Miss Gerard never gives too much description ; but when she wishes once for all to make a scene clear to us, we see it, we have been there. At the end of an unfinished street stands the Jewish synagogue :—

" Beyond the synagogue there was nothing more but a stretch of waste ground, covered with dwarfed bushes, twisted by the wind into fantastical knots, and in summer with tufts of white camomile flowers ; and beyond that again only the river. It was just here that the river took its sharpest curve, so that this stretch of ground was bordered on three sides by water, and as there was no means of crossing the river here—the bridge being higher up—the spot was the most lonely to be found for miles around, leading to nowhere and ending in itself, visited only by the birds that pecked at the berries on the bushes, or occasionally by some child collecting camomile-flowers to dry.
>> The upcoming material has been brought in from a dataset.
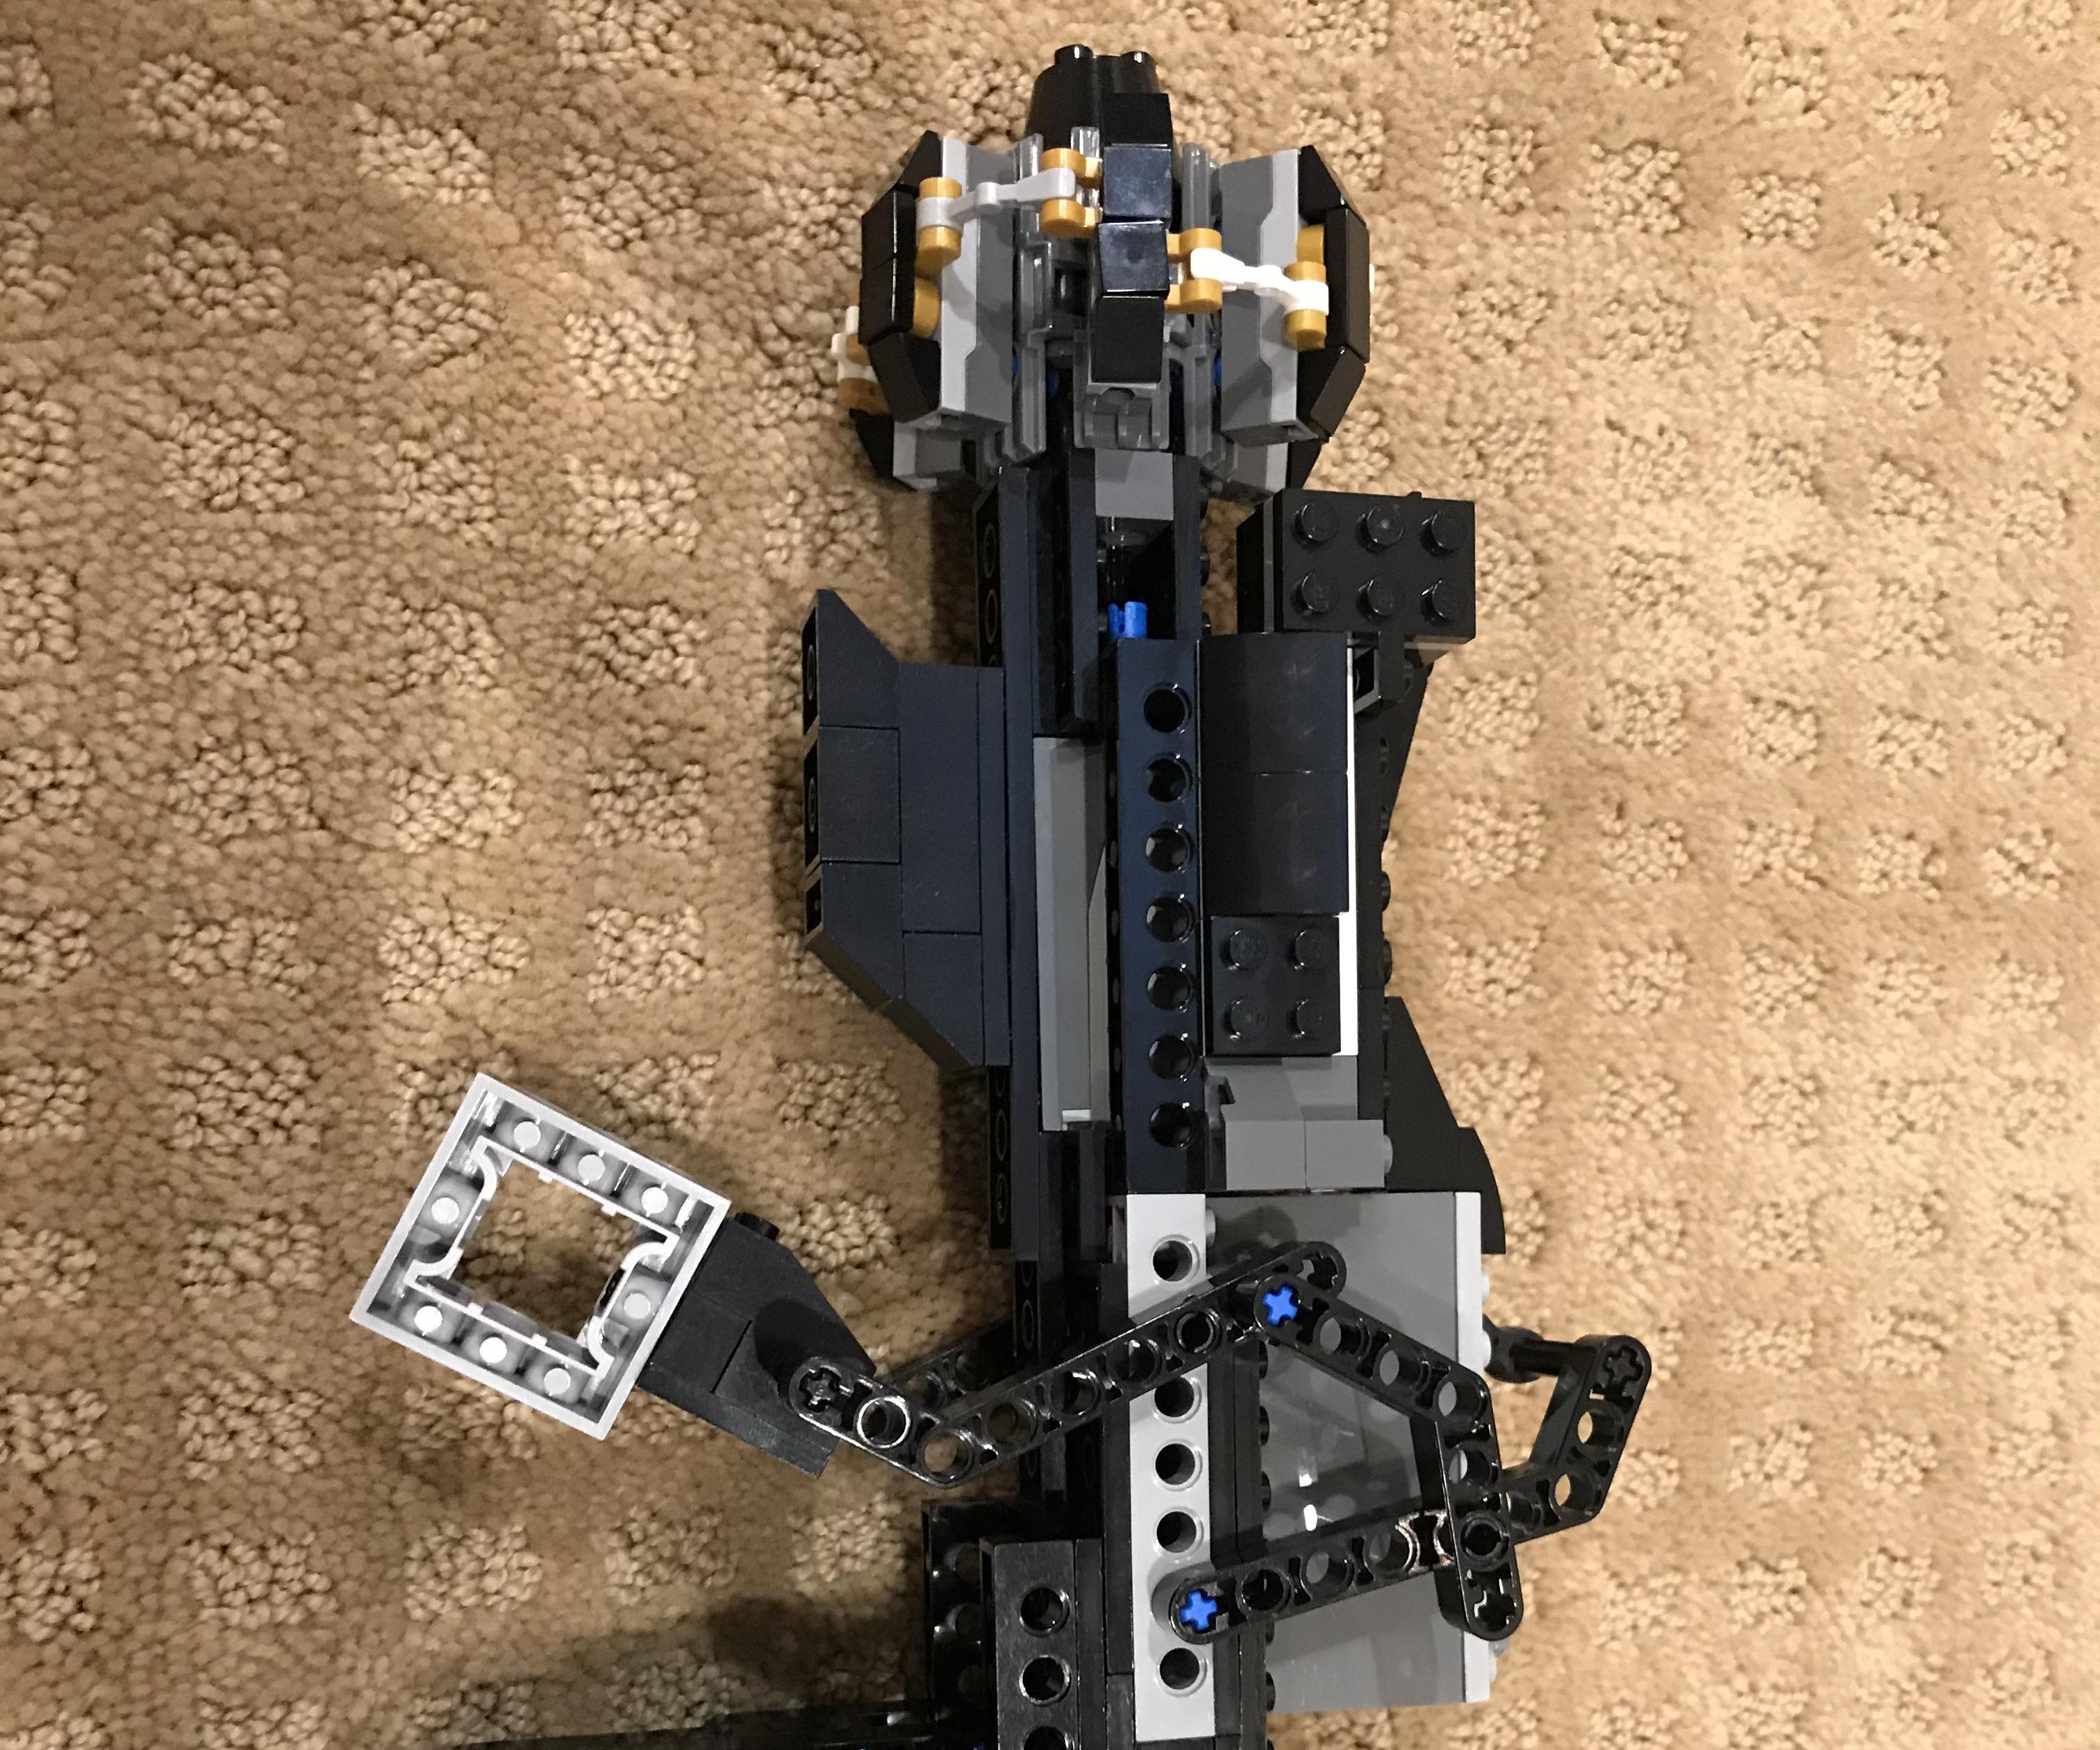 Lego Launcher Halloween Prop - Shoots at the Pull of a Trigger

The river- banks were in many places precipitous, in some spots overhanging, where the sluggish current had gradually eaten its way into the solid earth, and stood now in stagnant pools, choked by long grasses and by the leaves of water-plants that had taken root in these sheltered basins. These pools were very deep, but so screened by the overhanging brushwood as to be entirely invisible from the river-bank above, and even from the opposite side hardly to be detected."

This lonely place, undisturbed by human sounds, except "a thin stream of nasal prayer" from the synagogue, is, in fact, the scene of the tragedy. Here Theodor waits for his love, here is his joy, here is his desolation ; and then that cold, stealing current, which seems now and then all through the story to touch us with ice, has a secret that it keeps too well.

Recha's first meeting with Theodor by the river is a striking passage. She has just been almost unbearably tried by the insolence of one of his brother-officers, to whom she had gone, as usual, on her father's business. There has as yet been no word of love—on her side, no thought—between her and Theodor. These few lines are another excellent specimen of Miss Gerard's descriptive power :—

" She was walking on rapidly, though aimlessly, among the bushes, a little ahead of Theodor. The thorns caught her skirt and the fringe of her shawl, but she did not appear to notice it. She broke off the tips of the twigs in passing, and twisted them between her fingers. One of them she tore in two with her teeth. A deep streak of colour flamed in each of her cheeks. It was only when she had reached the very edge of the steep river-bank that she stood still. Down there in the water there were lumps of ice slowly floating past, but up here the blue hepaticas were strewn to the very edge of the bank, and the bushes already bore that faint red tint which comes before the green, when the husks of the buds have not yet burst. Recha looked round her with a sort of surprise, and the angry red faded in her cheek. It is very quiet here,' she said, drawing a deep breath ; then going a little nearer to the edge and straining her neck to look over, she added with a shudder, but it must be very cold down there in those black holes under the banks.'" As we have said, Recha is a very strong study of character. It is also an exceedingly powerful story. It has not the varied interest of Orthodox, and is hardly such a curious picture of the manners and customs of the Galician Jews ; but in its concentrated strength it is still more striking, and its human interest is certainly deeper. Theodor, in his simplicity, is a more natural hero than Count Ortenegg, and Recha is a far nobler conception than poor, helpless, golden-haired Salome.